▸ Task goal:
Set down all of the records word for word.

******

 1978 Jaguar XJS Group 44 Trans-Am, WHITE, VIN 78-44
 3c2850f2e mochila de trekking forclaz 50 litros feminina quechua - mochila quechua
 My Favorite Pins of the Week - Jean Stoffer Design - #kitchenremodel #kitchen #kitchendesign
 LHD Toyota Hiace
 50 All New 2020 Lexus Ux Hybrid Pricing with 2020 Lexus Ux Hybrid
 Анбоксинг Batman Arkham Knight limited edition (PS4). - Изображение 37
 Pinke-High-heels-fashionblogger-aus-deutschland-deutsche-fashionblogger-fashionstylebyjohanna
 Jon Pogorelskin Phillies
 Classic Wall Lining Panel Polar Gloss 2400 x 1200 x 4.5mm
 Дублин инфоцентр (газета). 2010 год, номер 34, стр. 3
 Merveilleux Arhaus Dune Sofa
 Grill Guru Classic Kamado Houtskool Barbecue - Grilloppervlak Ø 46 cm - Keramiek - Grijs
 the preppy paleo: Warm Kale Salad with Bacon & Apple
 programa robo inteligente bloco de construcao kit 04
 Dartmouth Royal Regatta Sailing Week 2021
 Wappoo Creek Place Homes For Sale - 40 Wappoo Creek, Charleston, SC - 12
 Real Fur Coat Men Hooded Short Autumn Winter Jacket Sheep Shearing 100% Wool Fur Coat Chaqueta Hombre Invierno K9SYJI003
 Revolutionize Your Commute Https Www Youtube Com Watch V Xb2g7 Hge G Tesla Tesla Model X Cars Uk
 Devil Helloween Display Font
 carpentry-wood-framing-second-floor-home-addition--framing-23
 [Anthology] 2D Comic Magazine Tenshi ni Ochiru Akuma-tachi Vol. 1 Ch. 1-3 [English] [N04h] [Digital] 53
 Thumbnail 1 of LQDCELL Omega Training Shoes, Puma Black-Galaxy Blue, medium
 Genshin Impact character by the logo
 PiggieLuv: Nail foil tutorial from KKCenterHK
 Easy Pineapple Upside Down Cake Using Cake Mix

******

▸ Written answer:
 1978 Jaguar XJS Group 44 Trans-Am, WHITE, VIN 78-44
 3c2850f2e mochila de trekking forclaz 50 litros feminina quechua - mochila quechua
 My Favorite Pins of the Week - Jean Stoffer Design - #kitchenremodel #kitchen #kitchendesign
 LHD Toyota Hiace
 50 All New 2020 Lexus Ux Hybrid Pricing with 2020 Lexus Ux Hybrid
 Анбоксинг Batman Arkham Knight limited edition (PS4). - Изображение 37
 Pinke-High-heels-fashionblogger-aus-deutschland-deutsche-fashionblogger-fashionstylebyjohanna
 Jon Pogorelskin Phillies
 Classic Wall Lining Panel Polar Gloss 2400 x 1200 x 4.5mm
 Дублин инфоцентр (газета). 2010 год, номер 34, стр. 3
 Merveilleux Arhaus Dune Sofa
 Grill Guru Classic Kamado Houtskool Barbecue - Grilloppervlak Ø 46 cm - Keramiek - Grijs
 the preppy paleo: Warm Kale Salad with Bacon & Apple
 programa robo inteligente bloco de construcao kit 04
 Dartmouth Royal Regatta Sailing Week 2021
 Wappoo Creek Place Homes For Sale - 40 Wappoo Creek, Charleston, SC - 12
 Real Fur Coat Men Hooded Short Autumn Winter Jacket Sheep Shearing 100% Wool Fur Coat Chaqueta Hombre Invierno K9SYJI003
 Revolutionize Your Commute Https Www Youtube Com Watch V Xb2g7 Hge G Tesla Tesla Model X Cars Uk
 Devil Helloween Display Font
 carpentry-wood-framing-second-floor-home-addition--framing-23
 [Anthology] 2D Comic Magazine Tenshi ni Ochiru Akuma-tachi Vol. 1 Ch. 1-3 [English] [N04h] [Digital] 53
 Thumbnail 1 of LQDCELL Omega Training Shoes, Puma Black-Galaxy Blue, medium
 Genshin Impact character by the logo
 PiggieLuv: Nail foil tutorial from KKCenterHK
 Easy Pineapple Upside Down Cake Using Cake Mix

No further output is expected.